Wanita ini memiliki nama lengkap Asma binti Yazid bin Sakan bin
Rafi’ bin Imri’il Qais bin Zaid bin Abdul Asyhal Al Anshariyah Al Ausiyah Al
Asyhaliyah. Ia putri paman Mu’adz bin Jabal.
Asma dikenal sebagai sosok yang cerdas dan kaya hikmah. Ia juga
pintar dan memiliki wawasan luas tentang urusan wanita dan laki-laki. Asma’
binti Yazid adalah sosok wanita yang berani menyatakan kebenaran dan melawan
kebatilan, pandai mengajukan pertanyaan serta memahami maksud ucapan lantaran
kecerdasannya, semangatnya menuntut ilmu dan belajar dari Rasulullah.
Karenanya tak heran, jika para sahabat wanita dahulu kerap
mengirimnya kepada Rasulullah guna menanyakan seputar perkara dunia dan agama
yang khusus berkaitan dengan diri mereka. Ia juga mengombinasikan berbagai sisi
kelebihan dan karakter positif yang membuat sejarah mengabadikan namanya dalam
barisan orang-orang yang berpengaruh.
Asma binti Yazid adalah sahabat yang masuk Islam di tahun
pertama hijriah. Ia serius menjalankan ajaran Islam, tulus meyakini Allah dan
mengucapkan bai’at Islam dengan Rasulullah bersama para wanita yang
membai’atnya. Sebagaimana tersebut dalam salah satu ayat surat Al Mumtahanah,
يٰٓاَيُّهَا
النَّبِيُّ اِذَا جَاۤءَكَ الْمُؤْمِنٰتُ يُبَايِعْنَكَ عَلٰٓى اَنْ لَّا
يُشْرِكْنَ بِاللّٰهِ شَيْـًٔا وَّلَا يَسْرِقْنَ وَلَا يَزْنِيْنَ وَلَا
يَقْتُلْنَ اَوْلَادَهُنَّ وَلَا يَأْتِيْنَ بِبُهْتَانٍ يَّفْتَرِيْنَهٗ بَيْنَ
اَيْدِيْهِنَّ وَاَرْجُلِهِنَّ وَلَا يَعْصِيْنَكَ فِيْ مَعْرُوْفٍ فَبَايِعْهُنَّ
وَاسْتَغْفِرْ لَهُنَّ اللّٰهَۗ اِنَّ اللّٰهَ غَفُوْرٌ رَّحِيْمٌ
“Hai
Nabi, apabila datang kepadamu perempuan-perempuan yang beriman untuk mengadakan
janji setia, bahwa mereka tidak akan mempersekutukan sesuatupun dengan Allah,
tidak akan mencuri, tidak akan berzina, tidak akan membunuh anak-anaknya, tidak
akan berbuat dusta yang mereka ada-adakan antara tangan dan kaki mereka dan
tidak akan mendurhakaimu dalam urusan yang baik, maka terimalah janji setia
mereka dan mohonkanlah ampunan kepada Allah untuk mereka. Sesungguhnya Allah
Maha Pengampun lagi Maha Penyayang.” (QS. Al Mumtahanah: 12)

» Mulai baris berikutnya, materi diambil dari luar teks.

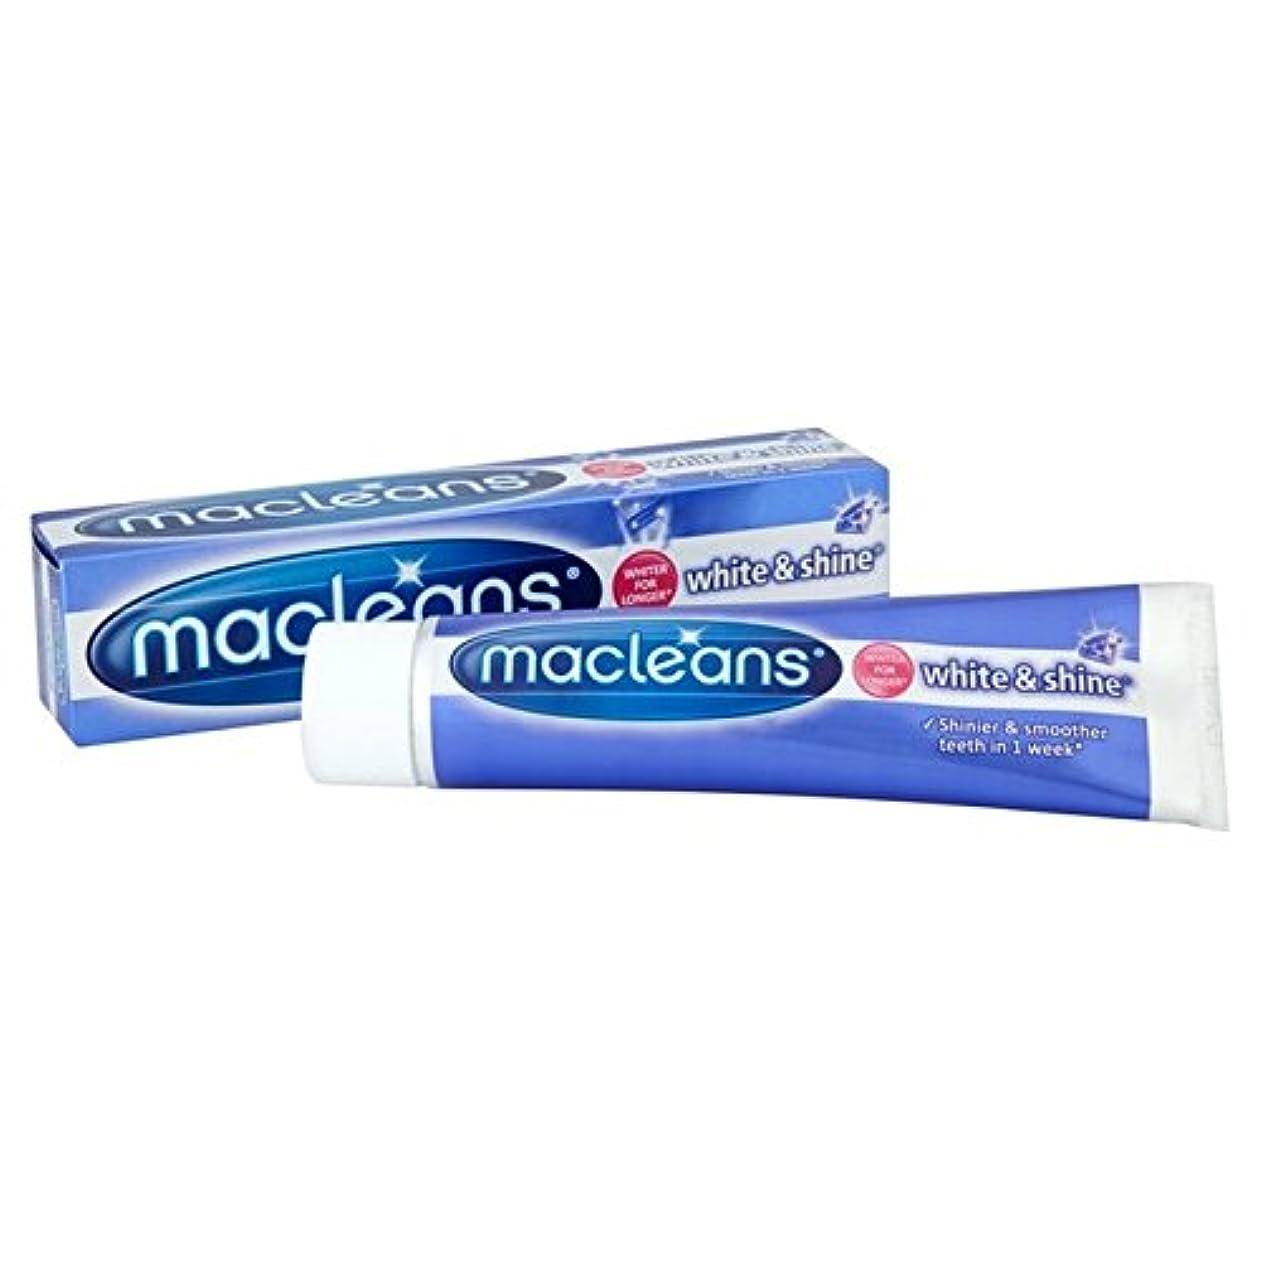 枯れるミュージカル取り替えるMacleans White'n'shine Toothpaste 100ml - ''歯磨き粉の100ミリリットル [並行輸入品]

Asma’ berkomitmen dan bertekad mengaplikasikan bai’at ini
lengkap dengan seluruh poin-poin yang tercantum dalam ayat di atas. Tidak
jarang ia bertanya kepada Nabi tentang hukum-hukum agama dan segala
permasalahan yang ia temui. Tanpa perlu merasa sungkan atau malu. Meskipun
dalam permasalahan-permasalahan pelik yang biasanya wanita malu menanyakannya.
Suatu saat ia datang kepada Rasulullah untuk bertanya tentang
cara membersihkan darah haid dan nifas serta persoalan wanita. Akhirnya sampai
Nabi malu menjawabnya. Beliau memandang Aisyah, meminta tolong kepadanya untuk
memberi penjelasan. Maka Aisyah menarik Asma’ seraya berkata, “Kemarilah aku
akan memberitahumu.” Dan Aisyah mengajarinya yang mesti dilakukan.
Orang-orang menjuluki Asma’ sebagai “Jubir Kaum Wanita”. Karena
ia sering membela dan menanyakan hak-hak mereka. Bahkan terkadang mereka
sengaja mengirimkannya kepada Rasulullah untuk menanyakan permasalahan yang
mereka hadapi. Dengan senang hati Asma’ memenuhinya, pergi dan bertemu
Rasulullah untuk bertanya. Kemudian kembali dan memberikan jawaban permasalahan
kaum wanita di zamannya.
Suatu hari, Rasulullah pernah mendapatkan pertanyaan seputar
keinginan para wanita berperang di jalan Allah sebagaimana para kaum lelaki.
Lalu Rasulullah berkata, “Kembalilah wahai Asma’ dan beritahukanlah kepada para
wanita yang berada di belakangmu bahwa perlakuan baik salah seorang di antara
mereka kepada suaminya, dan meminta keridhaan suaminya, mengikuti persetujuan
suaminya atau tunduk kepada persetujuan suaminya, itu semua dapat mengimbangi
seluruh amal yang kamu sebutkan yang dikerjakan oleh kaum lelaki.”
Baca
Juga:
Zubair
Bin Awwam; Sahabat Ahli Pedang dalam Peperangan
Ath-Thufail bin Amru ad-Dausi; Pintu Hidayah Kabilah Daus
Maka kembalilah Asma’ sambil bertahlil dan bertakbir merasa
gembira dengan apa disabdakan Rasulullah SAW. Dalam dada Asma’ terdetik
keinginan yang kuat untuk ikut andil dalam berjihad, hanya saja kondisi ketika
itu tidak memungkinkan untuk merealisasikannya. Namun setelah tahun 13 Hijriyah
setelah wafatnya Rasulullah SAW hingga perang Yarmuk ia menyertainya dengan
gagah berani.
Asma’ keluar dari peperangan dengan membawa luka di punggungnya
dan Allah menghendakinya masih hidup setelah peristiwa itu selama 17 tahun,
karena ia wafat pada akhir tahun 30 Hijriyah setelah menyuguhkan kebaikan bagi
umat.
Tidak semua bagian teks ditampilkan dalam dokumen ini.